胜生勇利第一次踏上冰场的时候大概五六岁。


长谷津在日本靠南的地方,比起札幌东京等地,算得上是少雪的地区。因此冰上城堡从建立之初,就受到了当地居民的热烈欢迎。


长谷津是个小地方,没有什么娱乐设施,滑冰也就成了种新潮的活动。长谷津的孩子不论年纪,都喜欢去冰场上滑上几圈。


勇利也不例外。


那时候带着他玩的孩子都比他大几岁,勇利跑步没他们跑得快,玩各种游戏也总是跟在最后的那一个。


只有在溜冰场上不一样。


他是第一个能在冰上站稳的小孩,第一个穿着冰鞋也能摆出固定姿势的小孩,第一个在冰上滑一整圈也不摔倒的小孩。


勇利只依稀记得那时候他最开心的事情就是穿着妈妈新买的衣服跑去滑冰场玩。他最喜欢那件有个很大很大Y字的上衣,那时候英文字母还认不全的小孩就已经知道这是他名字的意思了。顶着黄色的Y字站在冰场上,好像整个冰上城堡就都能留下他的名字一样。


 


那是他还不认识什么维克托,也不知道什么花样滑冰。


他只是一个自己都不知道自己在滑冰上有天赋的,单纯喜欢去冰场玩的小孩而已。


 


而彼时的俄罗斯,十岁出头的男孩留着及肩的银发,在冰上完成了又一组跳跃。


围观的教练无不用惊叹的眼光看着男孩,称他将来必定是俄罗斯的又一颗新星,或许能成为新的传奇也说不定。
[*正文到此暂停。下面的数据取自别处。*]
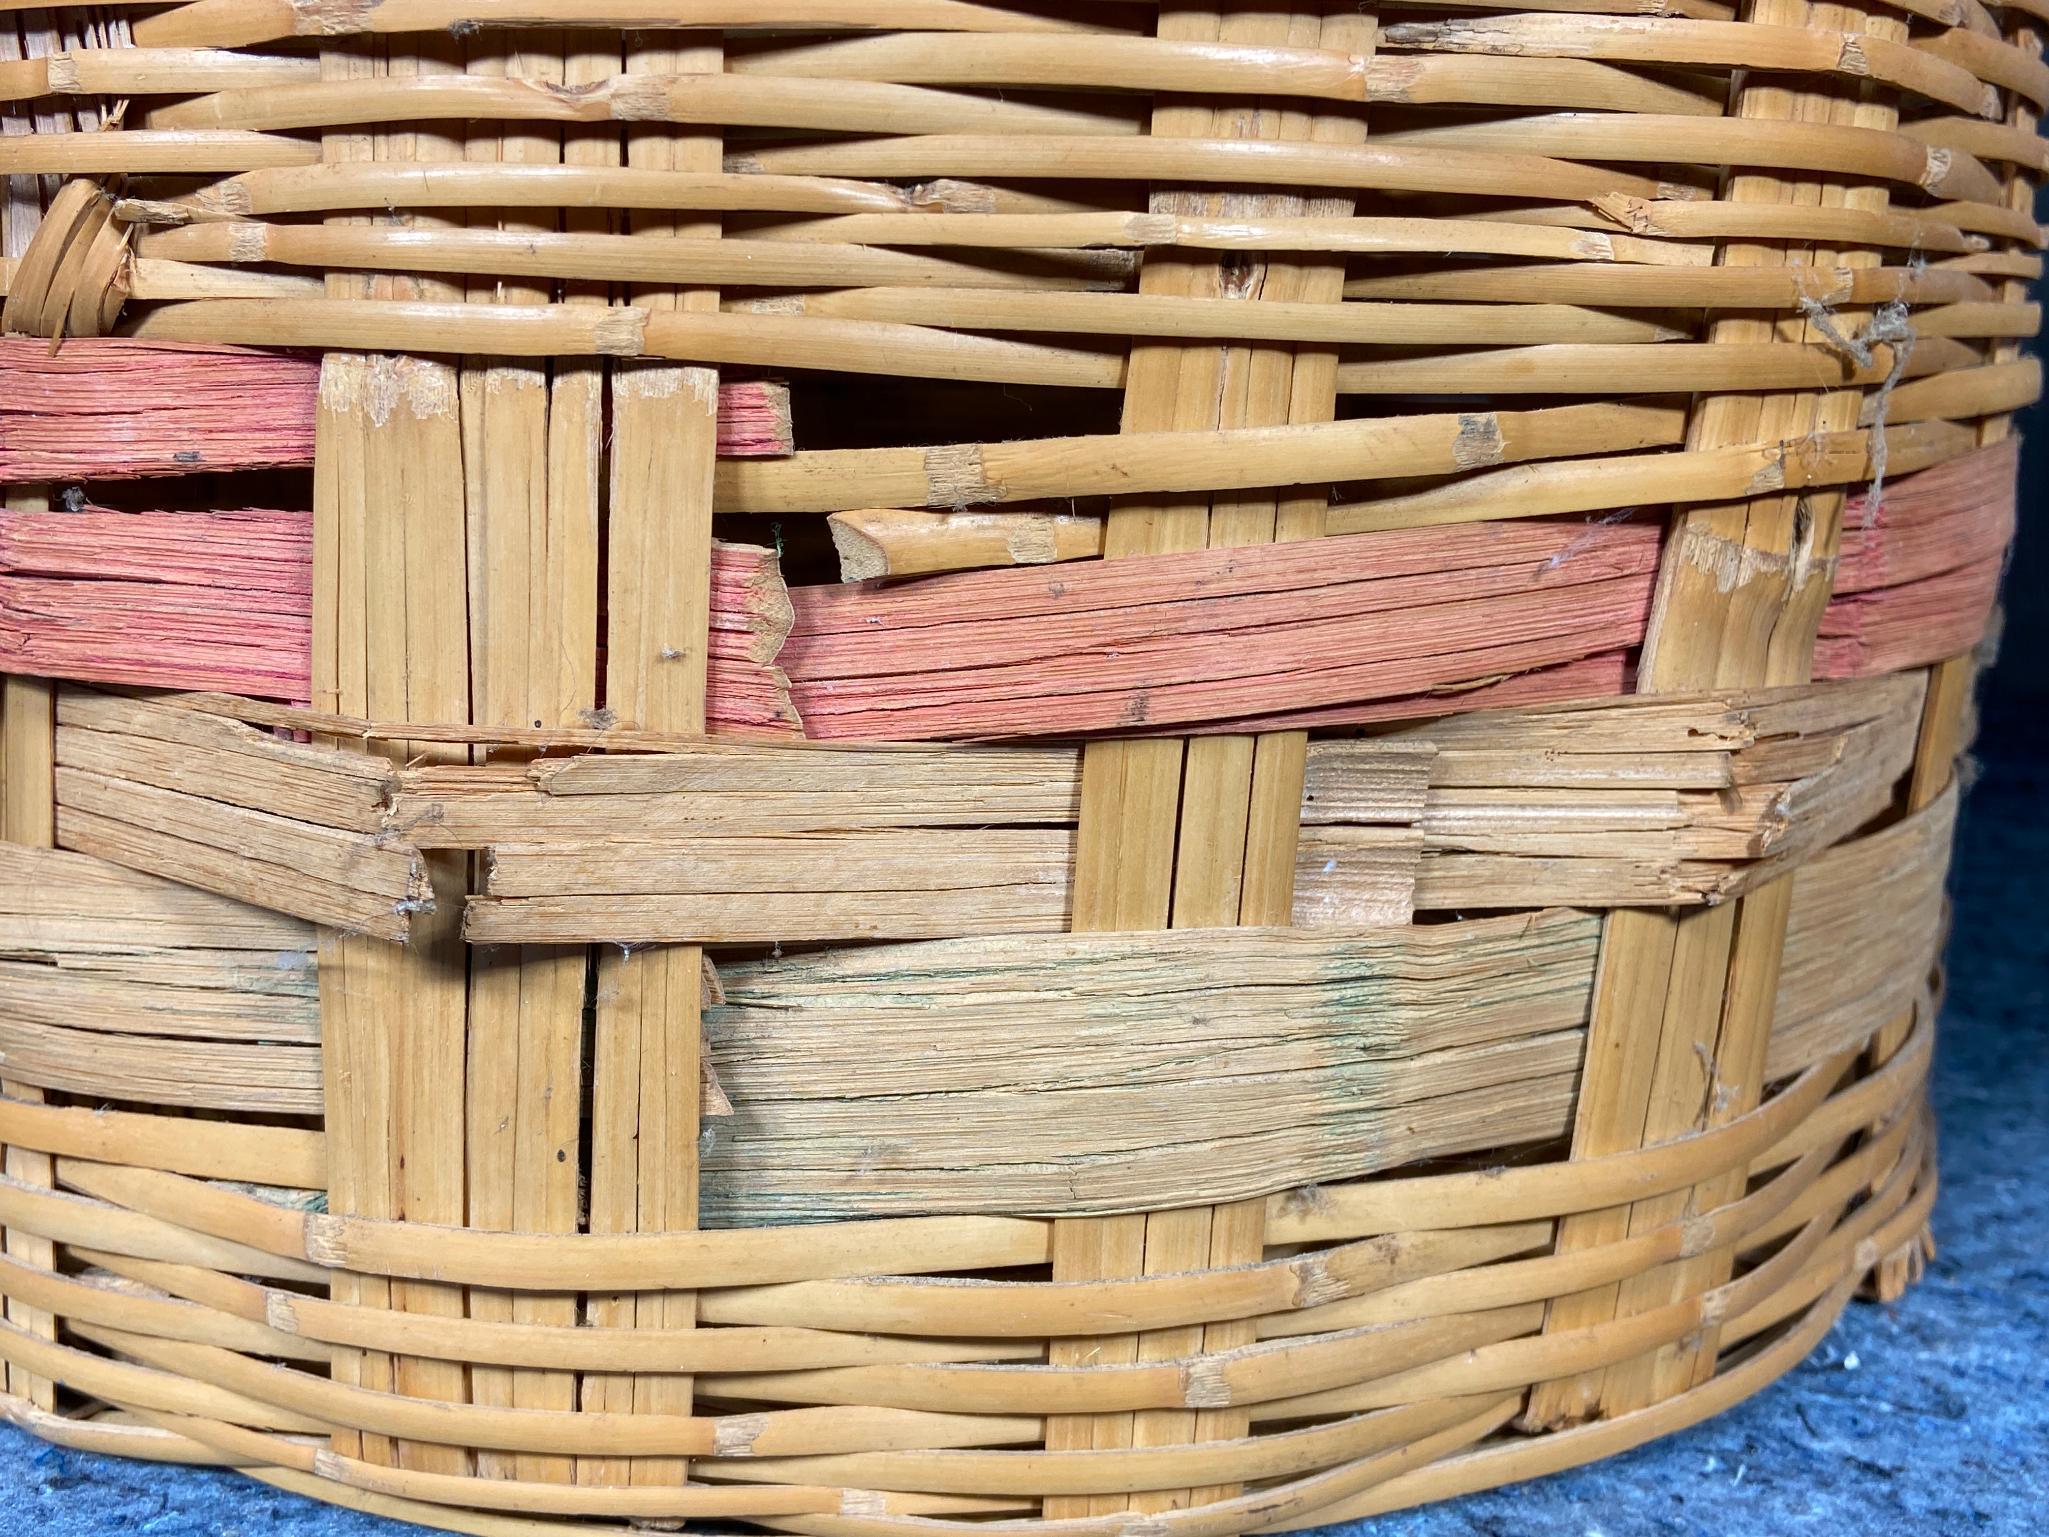 9 Vintage Wicker Baskets
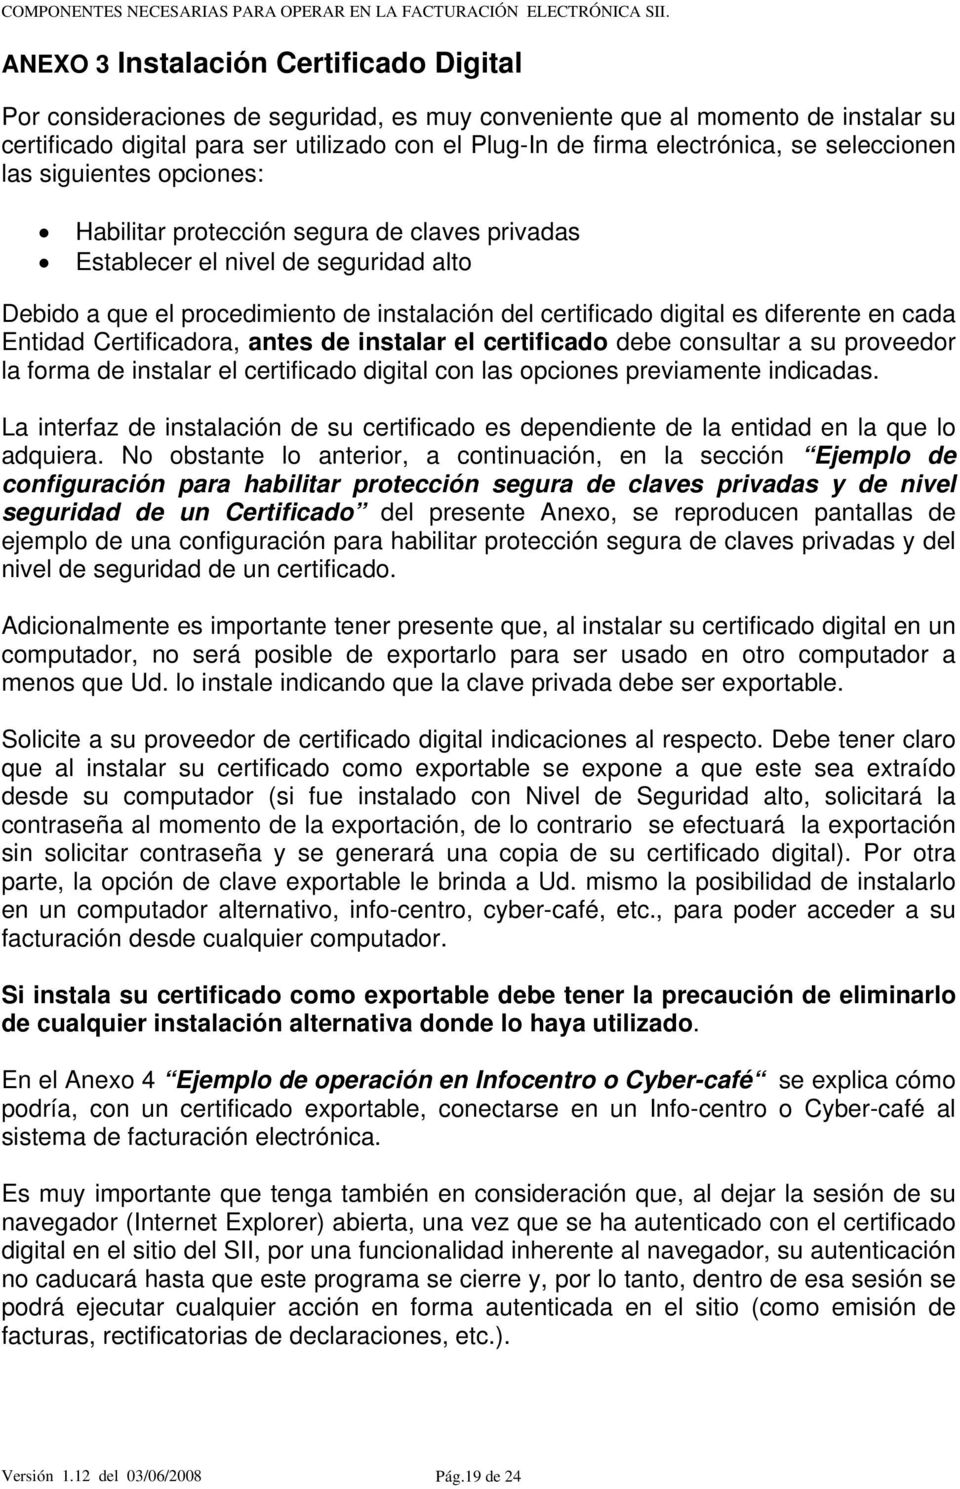 diferente en cada Entidad Certificadora, antes de instalar el certificado debe consultar a su proveedor la forma de instalar el certificado digital con las opciones previamente indicadas.

隐约听见大人们议论声的男孩笑了,笑容礼貌又漂亮。孩子气的神情早就从他的脸上退去了,他像个优雅的小绅士,进退有据的迎接着来自周围的各种目光。


 


勇利第一次听到维克托·尼基福罗夫的名字是10岁。泡沫经济早已退潮的日本,人们对花样滑冰这样美丽又短暂的运动热情却在慢慢掀起。12岁的女选手在全日锦标赛中完成了3个3周跳的壮举,媒体大肆报道着这颗冉冉上升的新星。


而那时俄罗斯14岁的男单选手却已经创下了更为耀眼的纪录。14岁的四周跳,漂亮稳定的出乎所有人意料。


来年即将升组的长发男孩以一种震惊世界的姿态,登上了花滑世界最中心的那片舞台。


 


10岁的勇利那时已经被小有名气的教练看中,开始了一系列基础训练。


在勇利记忆里五官都快记不清的教练那时经常会带一些录影带来,大部分都是世界顶尖花样滑冰选手的比赛录像。他那时总是笑着打趣道,“你们一时半会儿大概是比不上了,但看看也是好的。”


 


那时候勇利的搭档叫优子,开朗的小姑娘对看录影带总是兴趣浓重。


也是在一个已经记不清天气的午后,优子一脸兴奋的在冰上城堡的小电视里放起了新的录像带。


隔着略微厚重的电视屏幕,勇利第一次见到了维克托。


小小的勇利已经带眼镜了,可小孩子的镜片似乎总比他的视力情况要更糟糕一点,他通过有点模糊的视线,看着电视里行云流水般自如的男孩,一时间有点恍惚。


小小的勇利想:“那是冰上的神灵吗?”


不是神灵,优子兴奋的介绍说那是世界青少年大赛的冠军,也是同等级奖项的世界纪录创造者,俄罗斯的维克托·尼基福罗夫。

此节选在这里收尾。